The subject device and the predicate device have the same indications for use and exhibit similar technical characteristics. The performance data for the subject device demonstrates equivalence or superiority to the predicate device in several aspects.
The newly applied X-ray detector has been proven in performance tests to perform equivalently or better compared to the predicate device across various performance parameters, including DQE, MTF, and NPS. Additionally, the image quality of the new X-ray detectors, including the newly added modality ENT CT, has been evaluated in compliance with IEC 61223-3-4 and IEC 61223-3-5. Both standard requirements were met. The FACE SCAN modality is not intended for clinical diagnosis but is designed to assist with patient consultations during treatment. This modality has been evaluated according to internal criteria and confirmed to fulfill its intended purpose.

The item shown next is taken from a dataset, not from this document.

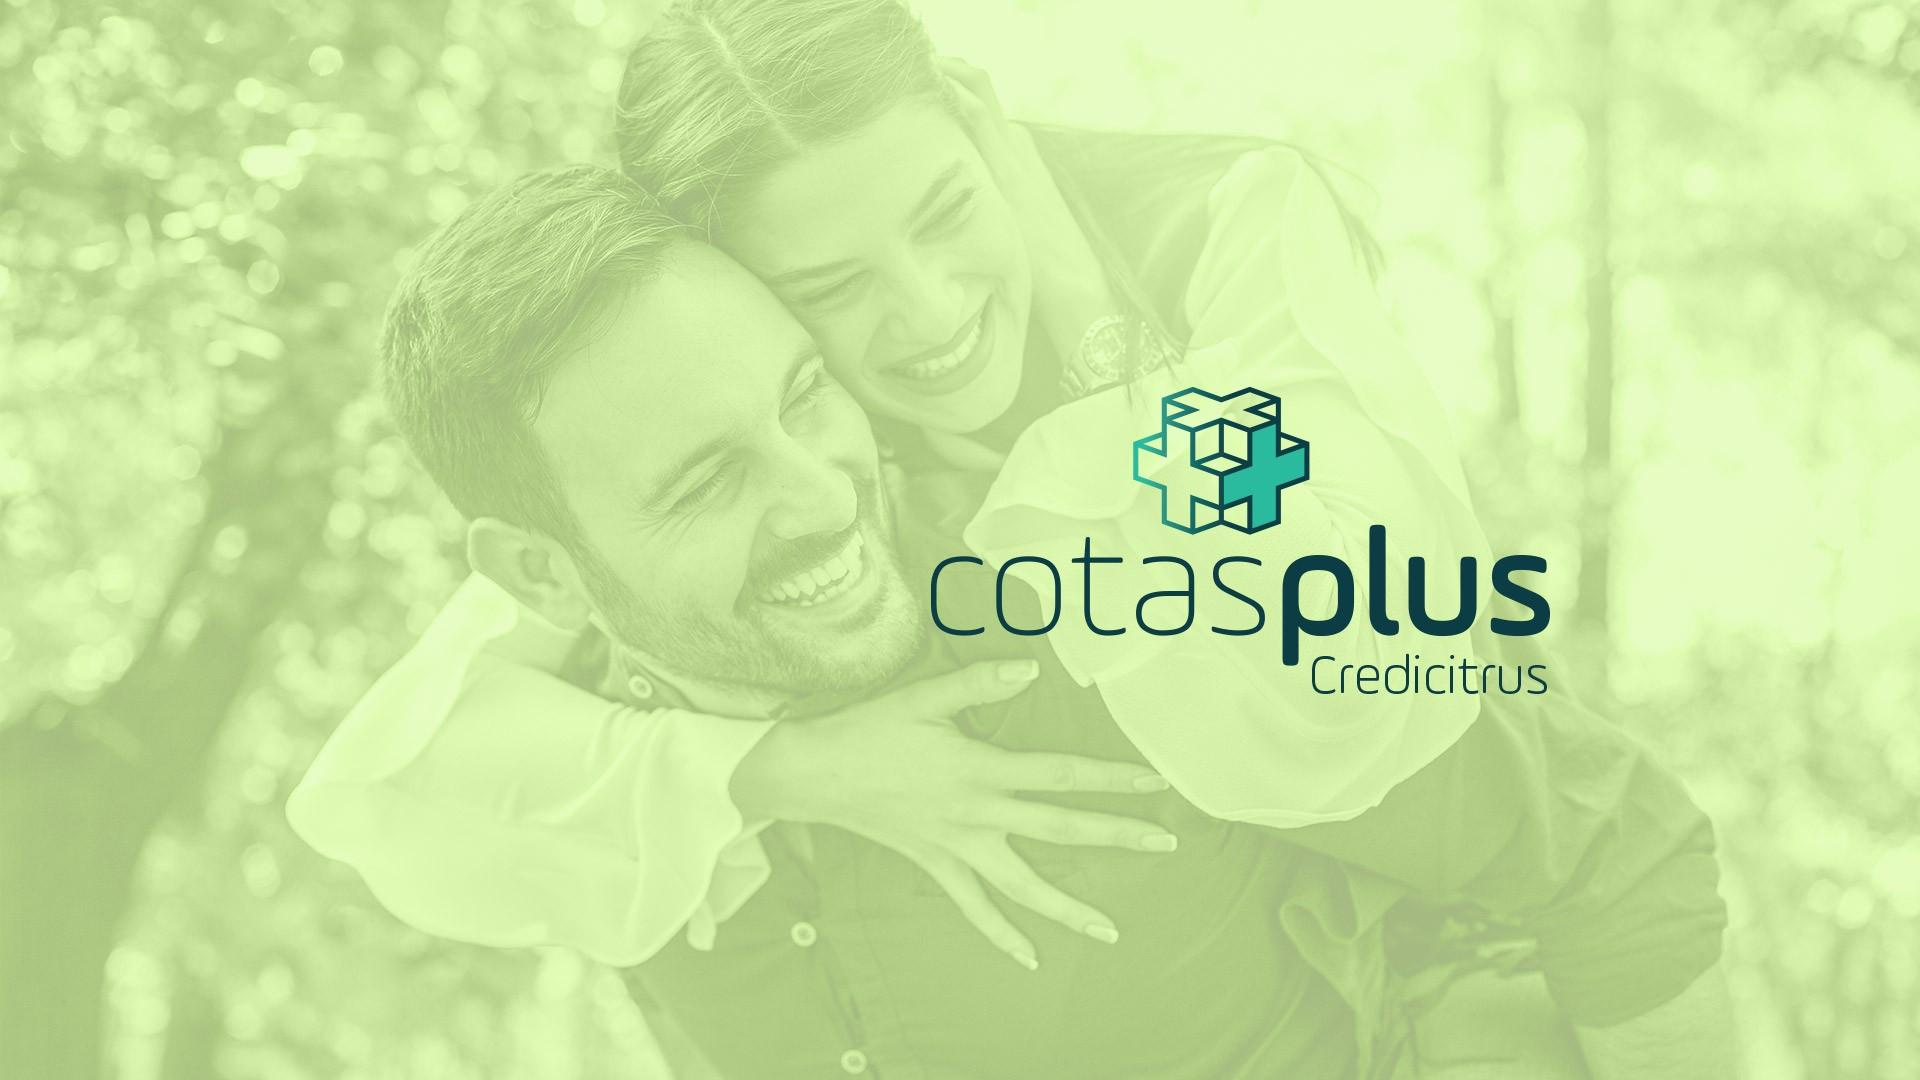 Cotas PLUS criam tranquilidade  no presente e prosperidade no futuro - Notícias - Plantão Diário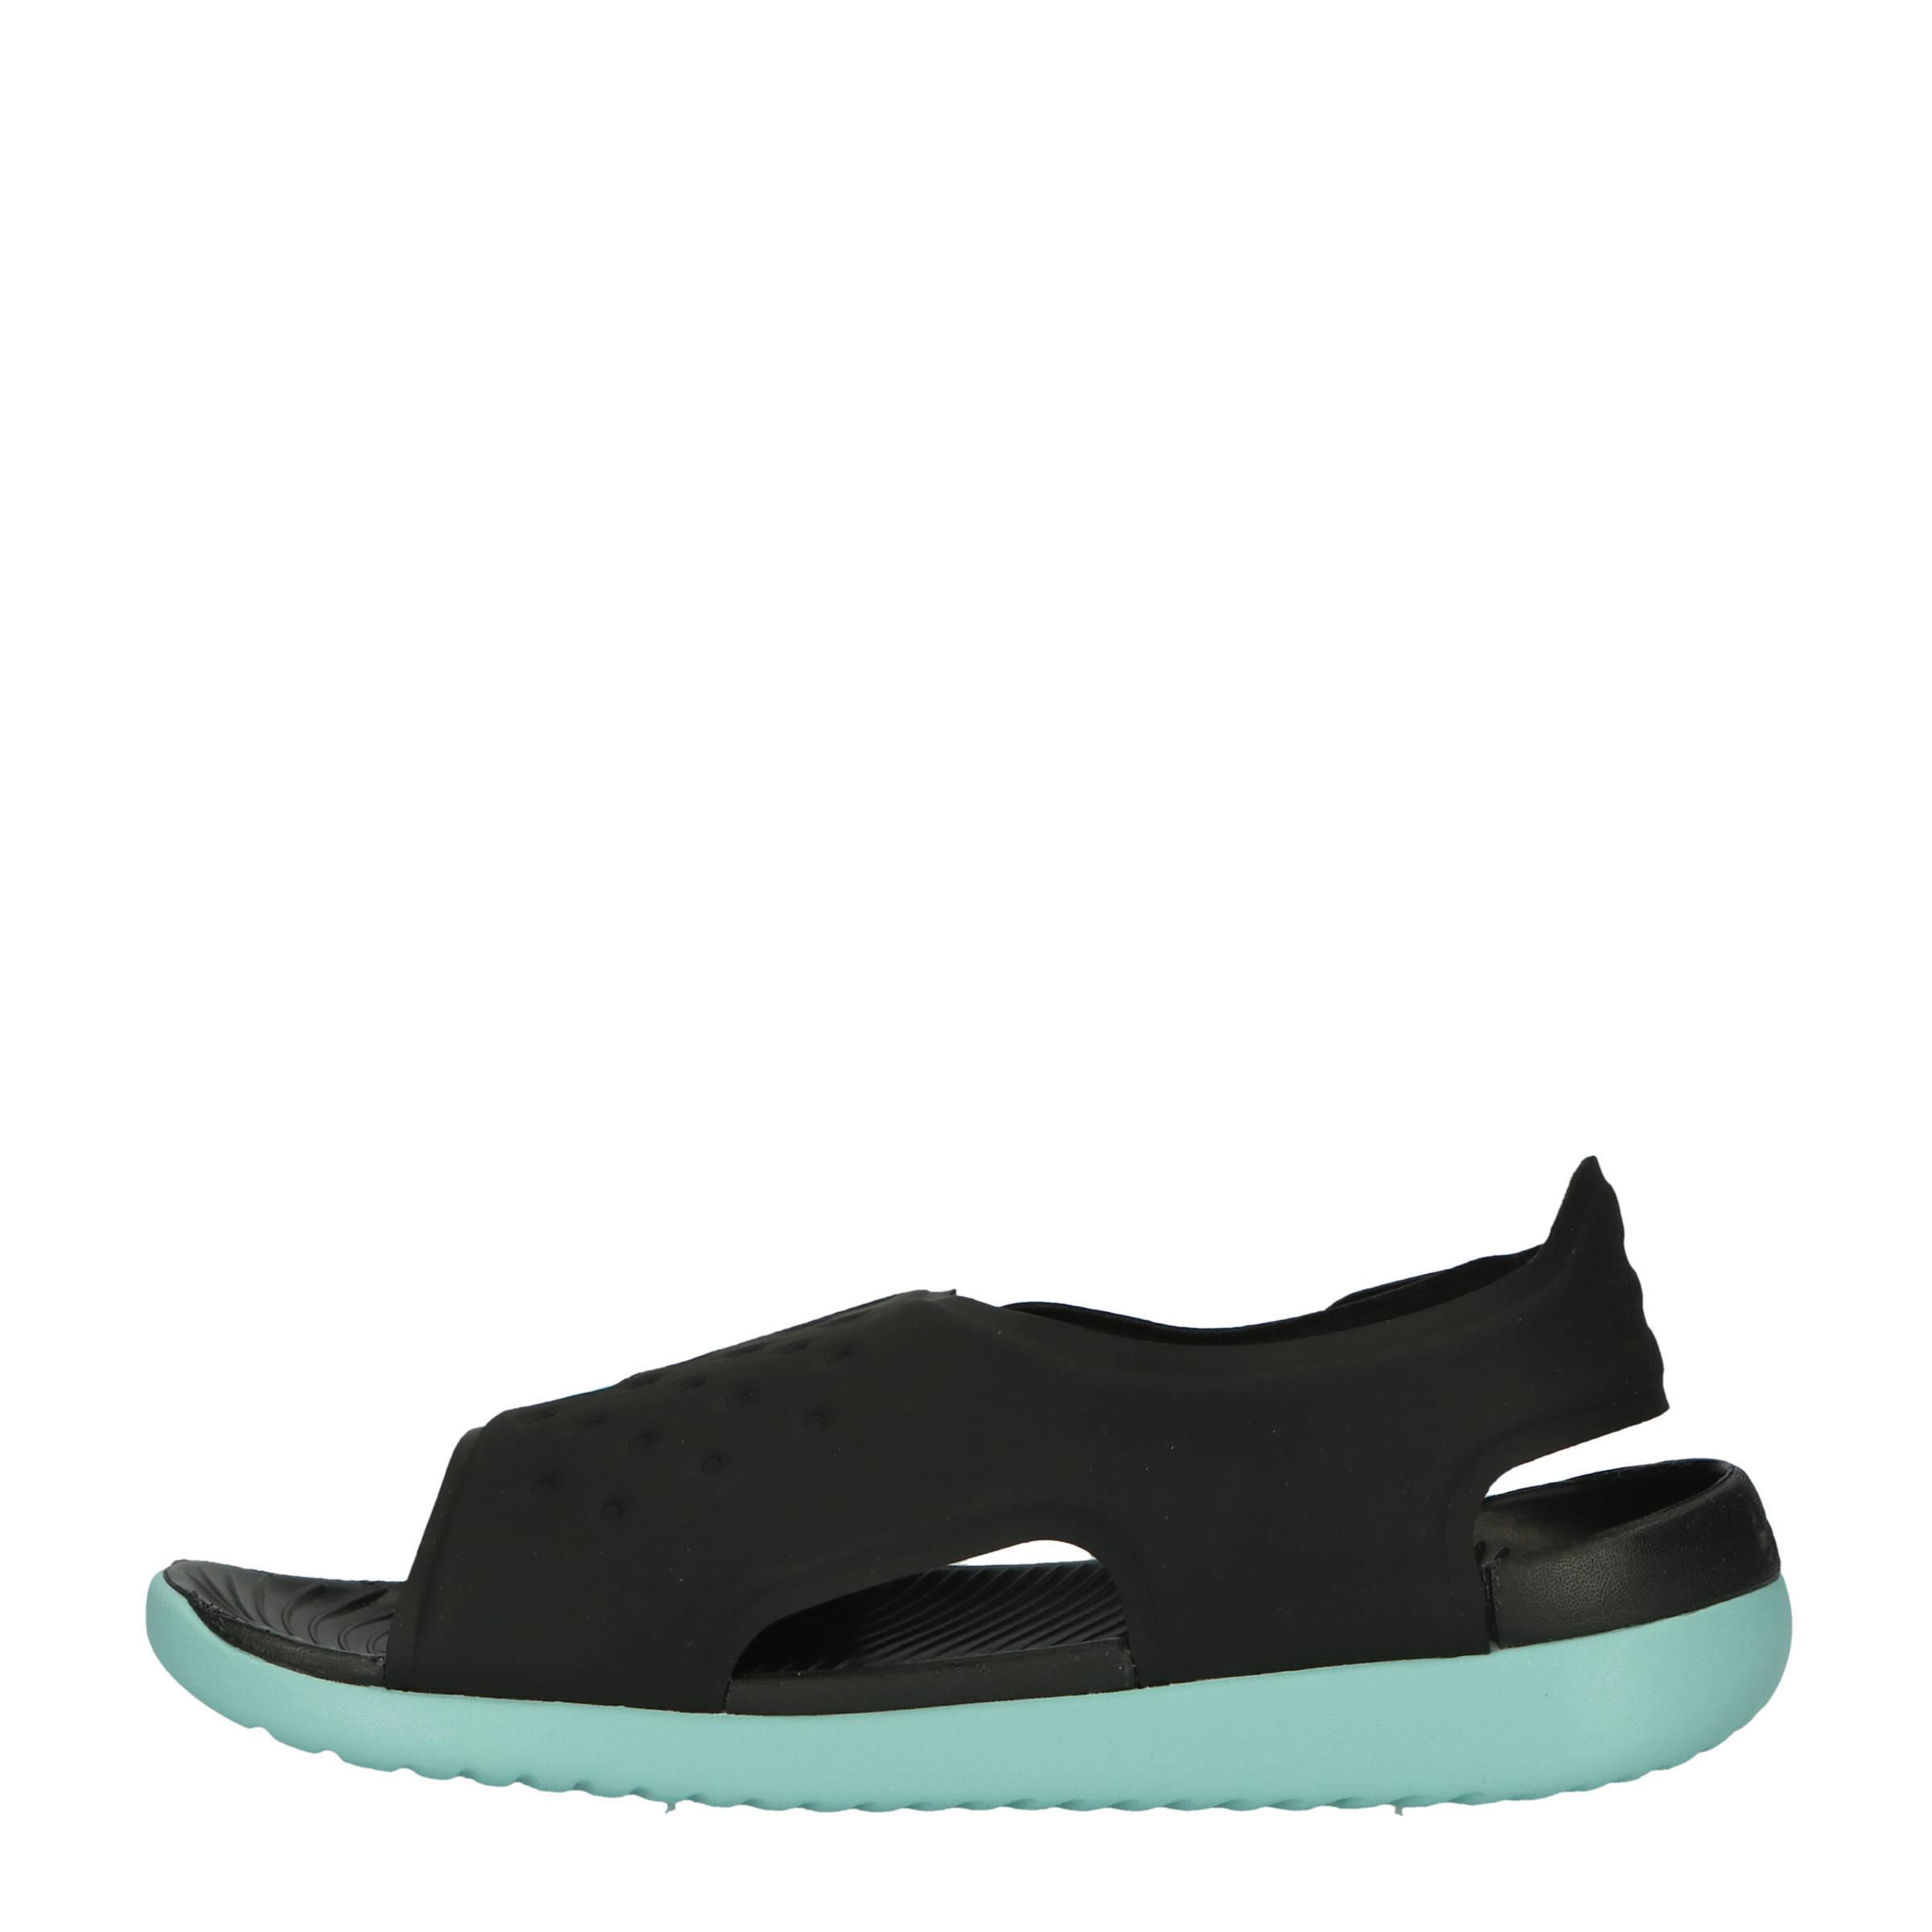 2a96fcacc035 Nike Sunray Adjust 5 waterschoenen zwart mintgroen kids

Auto Pano, Smart Focus and Scout modes have already been incorporated in previous devices which obtained premarket clearance from FDA (K231796). It was confirmed that both standard requirements were met through evaluation according to IEC 61223-3-4 and IEC 61223-3-5.
Quality assurance procedures are adhered to, and the specifications and functional requirements have been verified.
In accordance with the Federal Food, Drug and Cosmetic Act, 21 CFR Part 807 and based on the information provided in this premarket notification, VATECH Co., Ltd. concludes that Green X 21 (Model: PHT-90CHO) is substantially equivalent to the predicate device as described herein.